I don't expect it's like super commercially viable today, but for sure things need to trend to radically more efficient AI solutions.

saati · 2026-02-22T16:22:16 1771777336

These are chips that become e-waste the second a better a model comes out, and nvidia is already limited by TSMC capacity.

hamdingers · 2026-02-22T17:17:57 1771780677

This is a ridiculous mindset. Llama 3.1 8B can do lots of things today and it'll still be able to do those things tomorrow.

If you baked one of these into a smart speaker that could call tools to control lights and play music, it will still be able to do that when Llama 4 or 5 or 6 comes out.

bigyabai · 2026-02-22T18:21:49 1771784509

If you pay $1,500 for a Mistral ASIC that is beaten by a $15 Qwen ASIC that comes out six months later, you'd be feeling pretty dang ridiculous.

hamdingers · 2026-02-22T18:28:30 1771784910

I'm equally capable of making up numbers to support my perspective but I don't see the point.

bigyabai · 2026-02-22T18:34:12 1771785252

The point is that the GP's mindset is not very ridiculous if you value things by a price/utility ratio. Software and hardware advancements will lead to buyer's remorse faster than people get an ROI from local inference.

darkwater · 2026-02-22T19:13:20 1771787600

SW and HW advancements will bring this topic in the "good enough for vast majority" field, thus making GP point moot. You don't care if your LLM ASIC chip is not the latest one because it works for the use you purchased it for. The highly dynamical nature of LLM itself will make part of the advantage of upgradable software not that interesting anymorw. [1]

[1] although security might be a big enough reason for upgrades to still be required

dzhiurgis · 2026-02-23T21:08:20 1771880900

I'd pay for $100 chip that replaces anthropic sub and works 10x faster, even for 12 months.

Edit: assuming model owners will let this happen, which they wont

sowbug · 2026-02-22T17:54:04 1771782844

They'll be perfect for an appliance like the Rick and Morty butter robot.

cyanydeez · 2026-02-22T16:46:06 1771778766

Only in VC backed funding land.

In the real world, theres talking refrigerators who dont need to know how to recite shakespeare.

HPsquared · 2026-02-22T17:00:36 1771779636

On the upside, Shakespeare isn't going to change soon.

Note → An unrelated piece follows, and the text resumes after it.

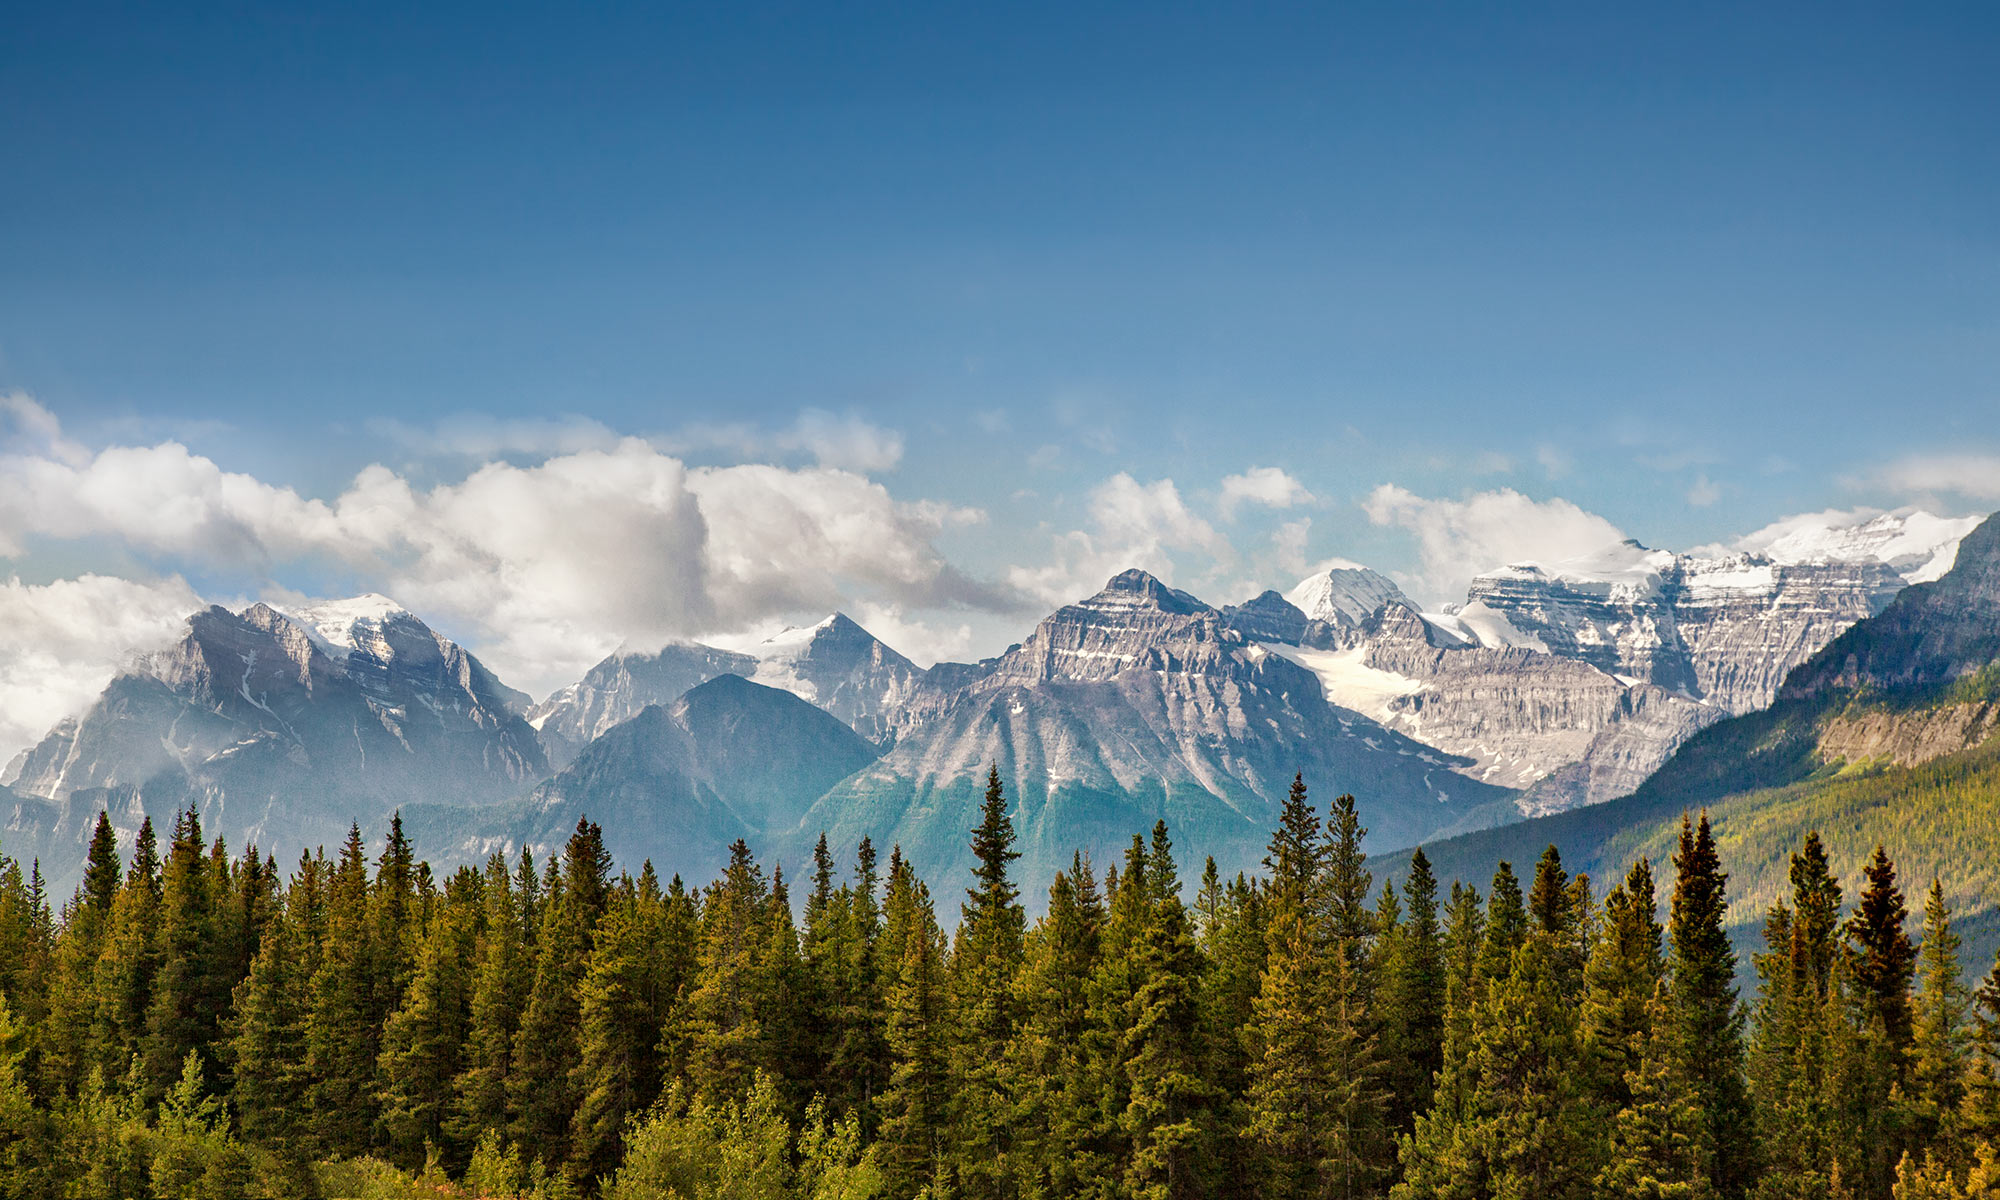 Panoramic view of snow capped rocky mountains with a line of forest tree in foreground

MarsIronPI · 2026-02-22T17:54:47 1771782887

So you're saying we should burn Shakespeare onto a chip? /s

throwthrowuknow · 2026-02-22T16:57:17 1771779437

these aren’t made for general chatbot use

MarsIronPI · 2026-02-22T17:54:02 1771782842

Doesn't Google have custom TPUs that are kind of a halfway point between Taalas' approach and a generic GPU? I wonder if that kind of hardware will reach consumers. It probably will, though as I understand them NPUs aren't quite it.

theptip · 2026-02-22T16:20:32 1771777232

Are people surprised?

I think the interesting point is the transition time. When is it ROI-positive to tape out a chip for your new model? There’s a bunch of fun infra to build to make this process cheaper/faster and I imagine MoE will bring some challenges.

dyauspitr · 2026-02-22T17:57:09 1771783029

Job specific ASICs are are “old as time.”